Transformer Architecture — Full Llama-Style Proving Pipeline

Overview

stwo-ml supports proving full transformer decoder blocks as used in Llama, Qwen, Mistral, and similar architectures. Each block follows the pre-norm residual pattern:

                    ┌───────────────┐
          Input ────┤   Identity    ├──────────────────────┐
                    └───────┬───────┘                      │
                            ▼                              │ (residual)
                    ┌───────────────┐                      │
                    │   RMSNorm     │                      │
                    └───────┬───────┘                      │
                            ▼                              │
                    ┌───────────────┐                      │
                    │  Attention    │  (GQA/MQA/MHA)       │
                    │  Q×K^T→soft→V│                       │
                    └───────┬───────┘                      │
                            ▼                              │
                    ┌───────────────┐                      │
                    │     Add       │◄─────────────────────┘
                    └───────┬───────┘
                            │──────────────────────────────┐
                            ▼                              │ (residual)
                    ┌───────────────┐                      │
                    │   RMSNorm     │                      │
                    └───────┬───────┘                      │
                            ▼                              │
                    ┌───────────────┐                      │
                    │  FFN: Linear  │  (d_model → ffn_dim) │
                    └───────┬───────┘                      │
                            ▼                              │
                    ┌───────────────┐                      │
                    │     GELU      │                      │
                    └───────┬───────┘                      │
                            ▼                              │
                    ┌───────────────┐                      │
                    │  FFN: Linear  │  (ffn_dim → d_model) │
                    └───────┬───────┘                      │
                            ▼                              │
                    ┌───────────────┐                      │
                    │     Add       │◄─────────────────────┘
                    └───────┬───────┘
                         Output

Builder API

The GraphBuilder::transformer_block() method constructs this entire pattern in one call:

use stwo_ml::compiler::graph::GraphBuilder;

let mut builder = GraphBuilder::new((seq_len, d_model));

// Stack N transformer blocks
for _ in 0..num_layers {
    builder.transformer_block(
        num_heads,      // Q heads (e.g., 32)
        num_kv_heads,   // KV heads (e.g., 8 for GQA)
        seq_len,        // sequence length
        ffn_dim,        // feed-forward intermediate dim (e.g., 4 × d_model)
    );
}

let graph = builder.build();

Each block produces 9 graph nodes: Identity, RMSNorm, Attention, Add, RMSNorm, Linear, GELU, Linear, Add.

Components

RMSNorm (components/rmsnorm.rs)

Root Mean Square Layer Normalization — used in Llama/Qwen instead of LayerNorm.

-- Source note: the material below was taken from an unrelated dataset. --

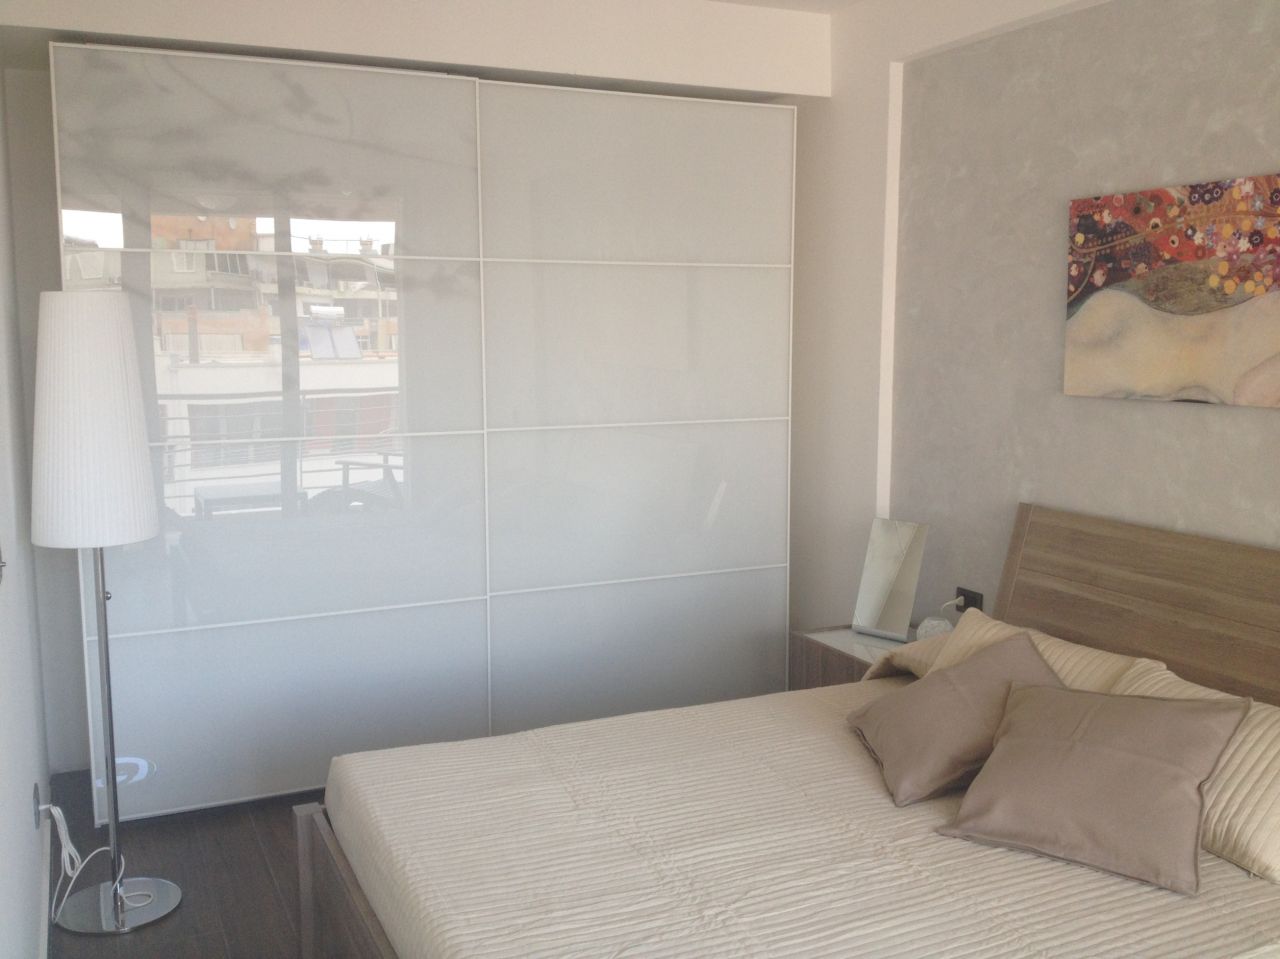 Appartamento lussoso in affitto a Tirana offerto da Albania Property Group

Formula: y = x / sqrt(mean(x^2) + epsilon) * gamma

Key difference from LayerNorm: No mean subtraction. Cheaper to compute and prove.

Proving approach: Decomposed into three provable operations:

  1. Compute rms^2 = sum(x^2) / n via M31 arithmetic
  2. Reciprocal sqrt rsqrt(rms^2) via LogUp lookup table (precomputed table of 2^16 entries)
  3. Scale: output = input * rsqrt_val

Trace layout (5 columns):

ColumnNameDescription
0inputOriginal value x
1rms_sqmean(x^2), shared per row
2rsqrt_val1/sqrt(rms_sq), from lookup
3outputx * rsqrt_val
4multiplicityLogUp multiplicity

Preprocessed columns (2 columns, table side):

ColumnNameContent
0rms_sq table inputLookup input key
1rsqrt table outputLookup output value

Constraint evaluation — the RMSNormEval implements FrameworkEval:

impl FrameworkEval for RMSNormEval {
    fn evaluate<E: EvalAtRow>(&self, mut eval: E) -> E {
        let table_rms = eval.get_preprocessed_column(/* rmsnorm_rms_input */);
        let table_rsqrt = eval.get_preprocessed_column(/* rmsnorm_rsqrt_output */);

        let input = eval.next_trace_mask();
        let rms_sq = eval.next_trace_mask();
        let rsqrt_val = eval.next_trace_mask();
        let output = eval.next_trace_mask();
        let multiplicity = eval.next_trace_mask();

        // Degree-2 constraint: output = input × rsqrt_val
        eval.add_constraint(output - input * rsqrt_val.clone());

        // LogUp table side: yield -multiplicity for each table entry
        eval.add_to_relation(RelationEntry::new(
            &self.lookup_elements,
            -E::EF::from(multiplicity),
            &[table_rms, table_rsqrt],
        ));

        // LogUp trace side: use +1 for each (rms_sq, rsqrt_val) pair
        eval.add_to_relation(RelationEntry::new(
            &self.lookup_elements,
            E::EF::from(E::F::from(BaseField::from(1))),
            &[rms_sq, rsqrt_val],
        ));

        eval.finalize_logup_in_pairs();
        eval
    }
}

The relation is declared as relation!(RMSNormRelation, 2) — a 2-column LogUp relation. The finalize_logup_in_pairs() call (not finalize_logup()) is required when 2 add_to_relation calls exist per evaluation row.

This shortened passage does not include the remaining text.